The MARK III Flat Matrix CRT has 16 color dots tiled in a 4 x 4 matrix pattern. The grid-electrodes match this pattern with four vertical (Y) and four horizontal (X) elements that intersect. A line cathode is located at each intersection. The Y grid electrodes run between the cathodes and the anode electrodes, while the X grid electrodes are behind the cathodes and serve as a back plane.
The X and Y grid electrodes are placed at a positive potential with respect to the cathode. The potential around the cathode becomes positive, creating an electric potential gradient that slopes down toward the high voltage anode electrode.
Thermoelectrons emitted by the cathode travel down this gradient and pass through the mesh of the Y grid electrode. They are accelerated by the anode voltage and penetrate the anode electrode, striking the phosphor screen. The excited phosphor emit light.

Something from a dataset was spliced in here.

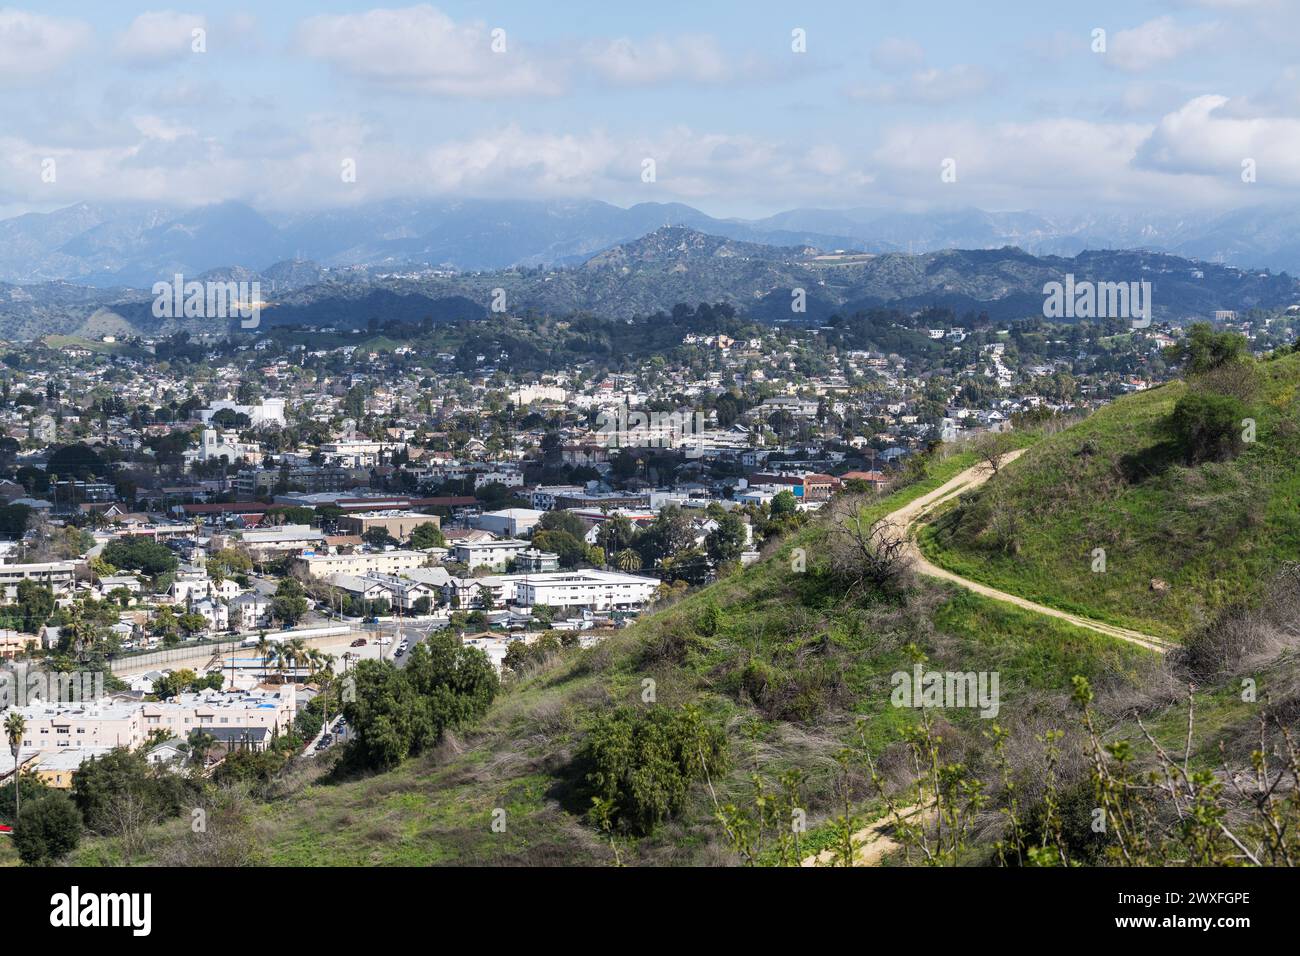 Sentier de randonnée à flanc de colline au-dessus du quartier Highland Park à Los Angeles, Californie. Banque D'Images
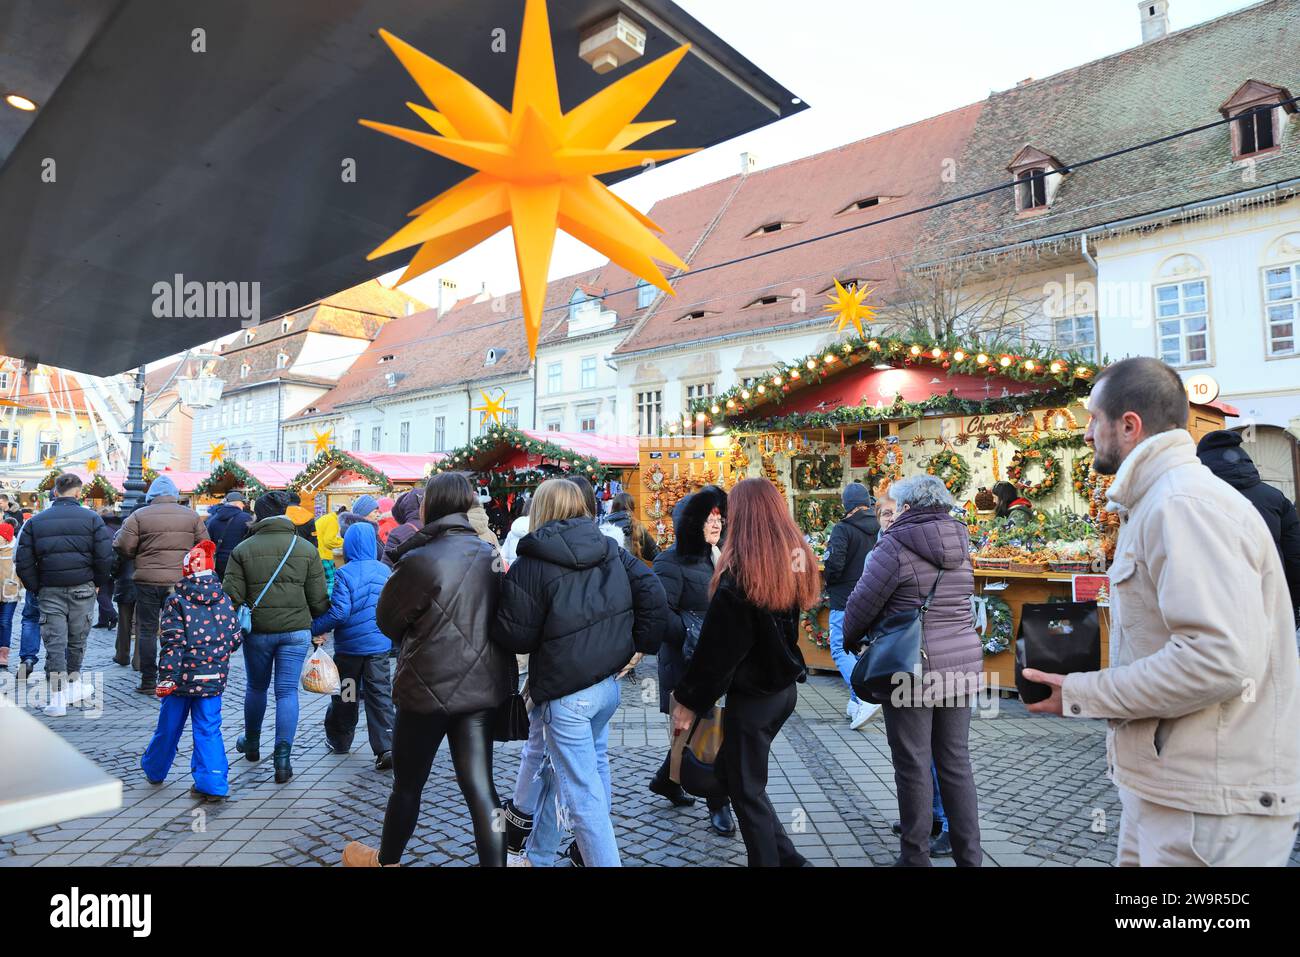 Hübscher Weihnachtsmarkt am Piata Mica, dem Großen Platz, in der historischen Stadt Sibiu, in Transsilvanien, Rumänien Stockfoto

When either or both of the X and Y grid electrodes are placed at a negative potential with respect to the cathode, the potential around the cathode becomes negative, preventing electron travel toward the anode electrode.
No light is emitted because no electrons reach the phosphor screen.
The diagram above shows the basic control sequence of the driving circuits.
Each X-electrode is driven by the scanning signal at 1/4 duty cycle.
The Y-electrodes are driven by the pixel data signals. The duration of each data signal is varied according to the input video signal level of the corresponding pixel.
When the positive scanning signal and the data signal are both applied to the X and Y electrode, the selected phosphor dots emit light.